Blunkett also made clear Labour’s intention to speed up the removal of refugees found to have no valid claim for asylum, by further restricting their legal rights. He would “cut out multiple opportunities for delay [and] streamline any further right of appeal, limited to a point of law.”

The Tories naturally sought to make some political capital, since Labour had adopted their proposals. For their part, the Liberal Democrats gave full backing to the changes, Home Affairs spokesman Simon Hughes said they deserved a “huge welcome”.

In Edinburgh, the Scottish Nationalist Party’s Kenny Gibson created an outcry when he called the proposed smart ID card the “modern equivalent” of the yellow star used in Nazi Germany to identify Jews. Gibson was attacked for this reference, but there is little doubt that the proposed ID card will stigmatise asylum seekers. And it will do more than this. As Blunkett indicated, the smart card is intended to enable an asylum seeker’s every movement to be tracked.

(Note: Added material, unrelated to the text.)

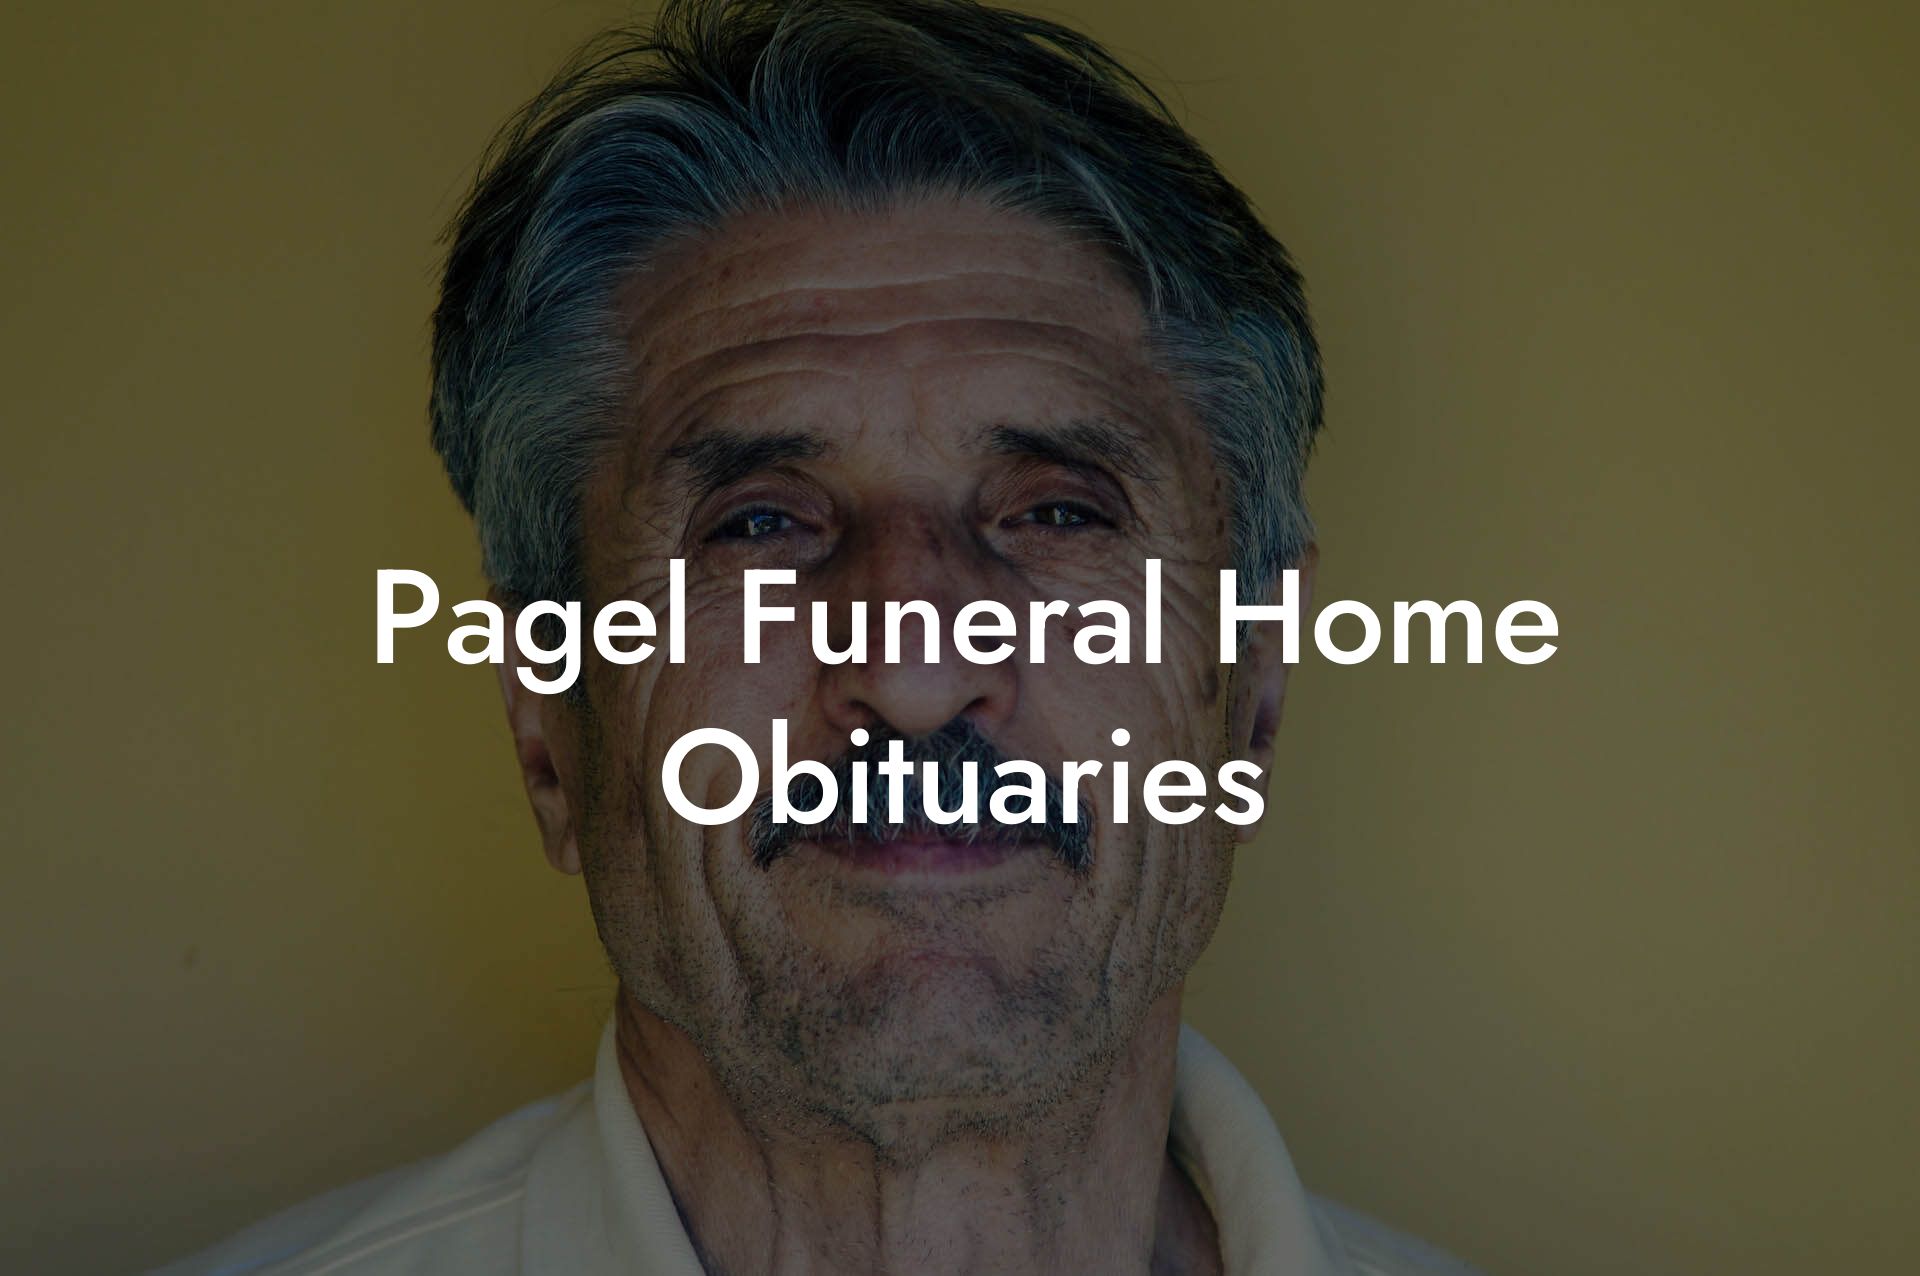 Pagel Funeral Home Obituaries

Labour has previously been thwarted in its efforts to establish a national system of ID cards. It last mooted the idea as a proposal to combat terrorism, following September 11, which it then ditched. So the government regards their introduction for any section of the population as setting a welcome precedent. Simon Hughes showed he was aware of this, when he asked Blunkett, “Does the announcement of the replacement of vouchers with smart cards herald a general movement to entitlement cards not just for immigrants but for people as a whole?”

Concern has been expressed over some aspects of Labour’s proposals by asylum and civil rights advocates, though most congratulated Blunkett for abandoning the voucher system and tended to give the government the benefit of the doubt over the non-compulsory nature of the proposed accommodation centres.

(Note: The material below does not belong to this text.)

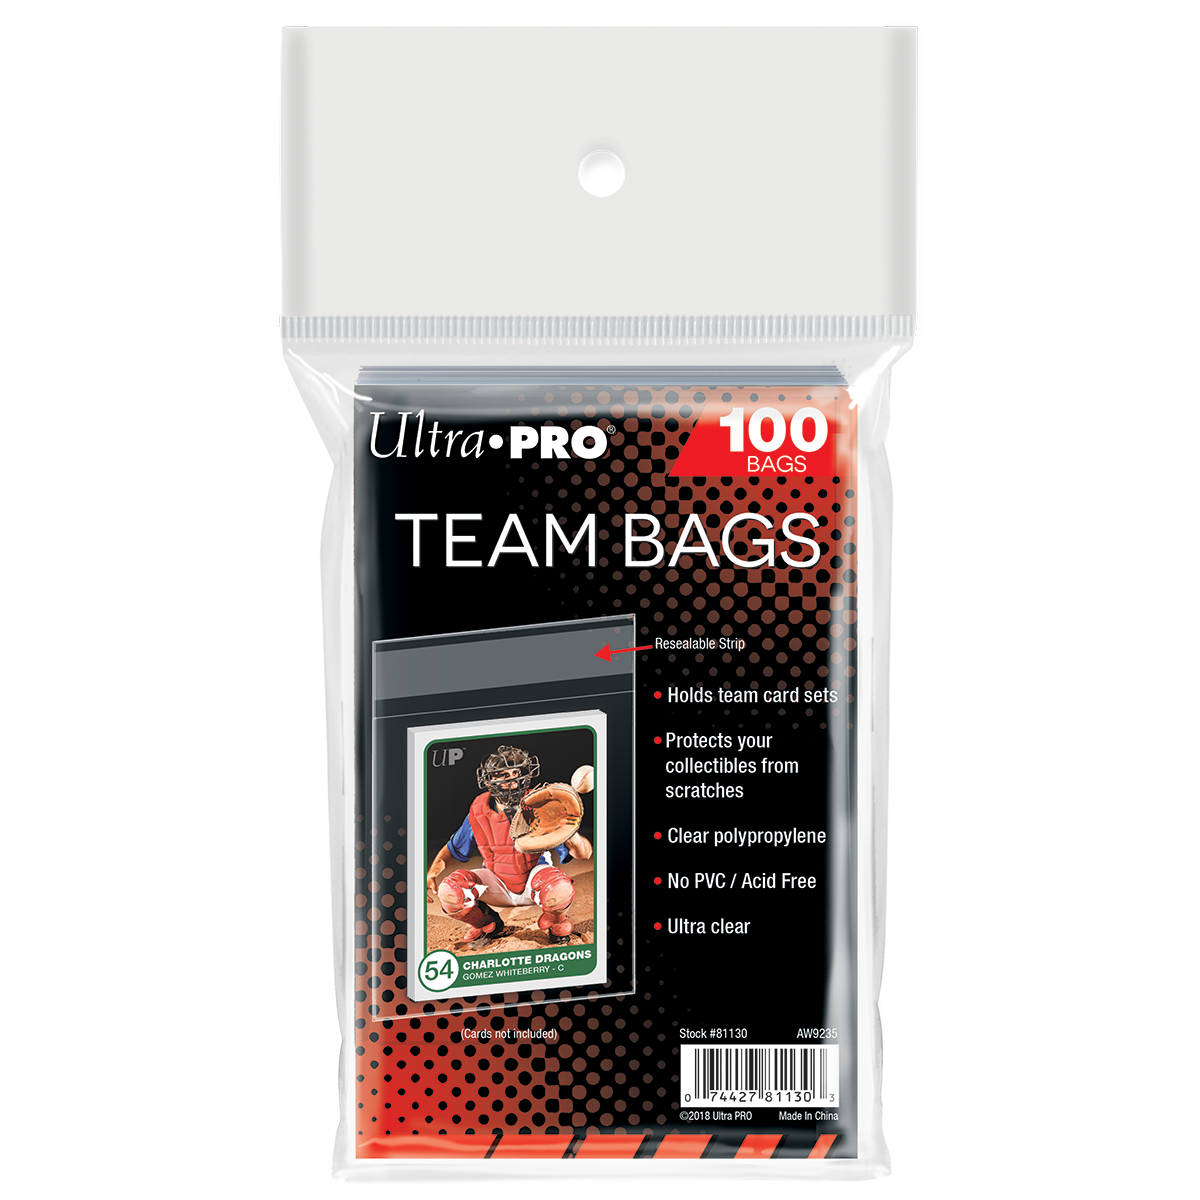 Ultra Pro Team Bags Sleeves 20 Packs of 100 for Team Sets or Toploaders

Oxfam’s Justin Forsyth applauded “the Government’s good sense in recognising the inhumanity and unfairness” of the voucher system, while expressing his hope that residence in accommodation centres “should not be compulsory... Asylum seekers should be able to choose to live in the community with friends or relatives” with “full access to cash benefits”.

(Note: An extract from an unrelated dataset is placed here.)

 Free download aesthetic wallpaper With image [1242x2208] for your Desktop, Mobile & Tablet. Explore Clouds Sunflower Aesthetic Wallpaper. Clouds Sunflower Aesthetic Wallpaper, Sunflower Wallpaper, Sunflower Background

The Refugee Council also praised the removal of the voucher system, but stated its concerns “that the introduction of these so-called smart cards will exacerbate the problems that asylum seekers already face in accessing basic services to which they are entitled.” The Council also had concerns over the “degree of independence” of asylum seekers within accommodation centres and how long they would be held.

John Wadham of Liberty, the civil rights group, said of the proposed ID cards, “The danger is that yesterday’s proposals envisage a wider requirement for these cards. It must not become a requirement that people need them to access essential public services such as health, nor must the police be able to stop people and demand to see the card. Any such wider use would risk generating further discrimination against non-white people, including millions of British citizens... The proposed smartcard must adhere to these clear guaranteed restrictions. This must not become a backdoor route to introducing national ID cards.”

Sue Willman, a solicitor at Hammersmith and Fulham Community Law Centre, and co-author of Support for Asylum Seekers: A Guide to Legal and Welfare Rights, warned, “The emphasis on speeding up asylum claims and appeals also raises the question whether people are going to get an Article Six fair hearing under the Human Rights Act 1998 because quicker decision making tends, when the Home Office is involved, to mean poorer decision making”.

Sam Newman, the lead officer for asylum seekers at Devon County Council, said of the proposed accommodation centres that while locations had yet to be finalised, it is understood they could include former airforce bases. He warned, “Dumping hundreds and hundreds of such people into ex-military camps will create great difficulty for them and the local community. With them living in these centres, which could be miles from a town or city, it may be difficult to get access to the services they need such as health care and English tuition.”